Only small issue I have is at 9250rpm I get a little hesitation before the limiter kicks in. I ask you all, does the engine have a progressive soft-cut rev limiter that starts at 9250 and stops revs beyond 9500?? Or it is aissue that the dyno will resolve? Dyno in a few weeks, going to enjoy it for a bit first!!
Going to ride ride ride now
Methinks the spring is a leg return spring
Don't count on the tach on the dash to be accurate enough to use for much more than a cursory indication of upcoming shifts. Wait 'til you're on the Dyno, and use their's for diagnosing the rev limiter.
BTW, nice work and write-up. You must have lots of time on your hands (or a very easy goin' boss)
Pyn... one word... AWESOME!!!! enjoy your beast!
Sorry I can only guess at the spring, so I will not bother as I am sure you can make the same guesses.

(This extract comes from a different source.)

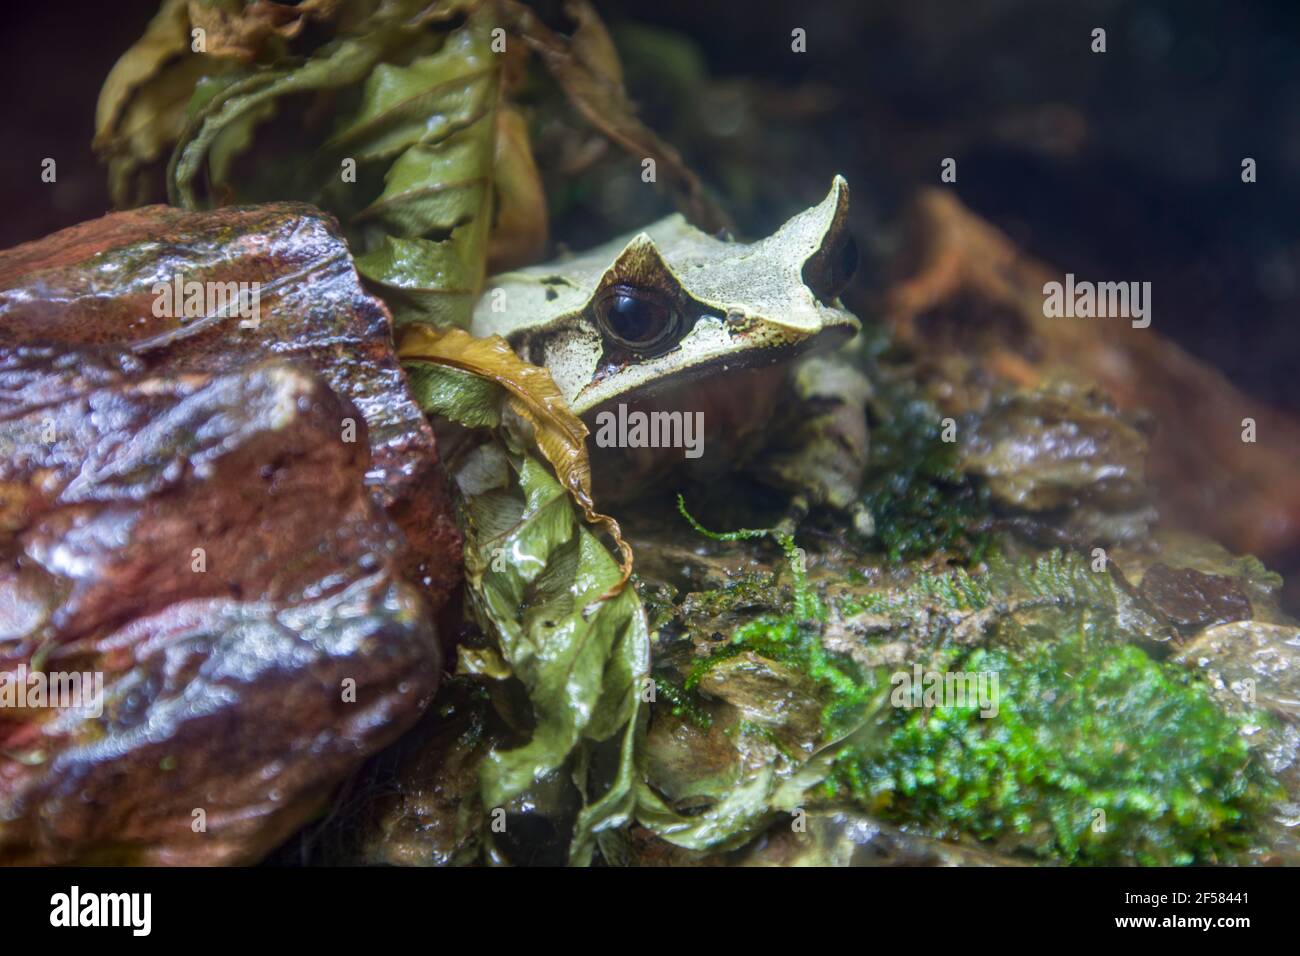 La grenouille à cornes longues (Megophrys nasuta) est une espèce de grenouille limitée aux zones de la forêt tropicale Du sud de la Thaïlande et de la Malaisie péninsulaire Banque D'Images

Sorry for the delay in replying to questions, been concentrating on getting the bike finished and the reports done.
Gefr - Do I think that holes in the swing arm would help. Yes indeed they would but I tok the oposite approach of sealing the swingarm as I refitted all of the fasteners etc. I hope it to be water resistant now . Thankyou for the email addresses, I will mail them, just not had time yet. I will post responses just as soon as I get them. Thanks.
Hamish - I.o.M 2007.......Bring it on, I'll be there .
C-Dub - Buckaroo Rally, Elko NV. I'd love to but know nothing about it. Send me details please or tell me where I can find them. Thanks
Terlingua - I got all the TSB's after trauling this wonderfull forum! I then thoroughly stripped and inspected the bike to identify what was and wasn't done and what I couldn't identify I simply went to my local dealer and asked them if my VIN required the work. Traul and you will find .
One side tank off, blank the fuel line, change the carb jetting etc and speed off down the road with thebike looking just like this!
And this is what she looks like today. Done 100miles with a contant on my face. So smooth, so powerfull and so comfortable......lovin' it!
With top notch craftsmanship and high quality parts you have brought back the beast.
Aha, this is a genetic thing! Great post, really enjoyed reading it, and I wish I had half your skills. But then again, my dad demolishes half the wall when he tries to hang a painting with... a nail
BTW, did you fill up the coolant with the front wheel up from the floor? Something I read one should do after filling an empty cooling system, and I didn't see you needing that. It's a guideline to prevent air pockets.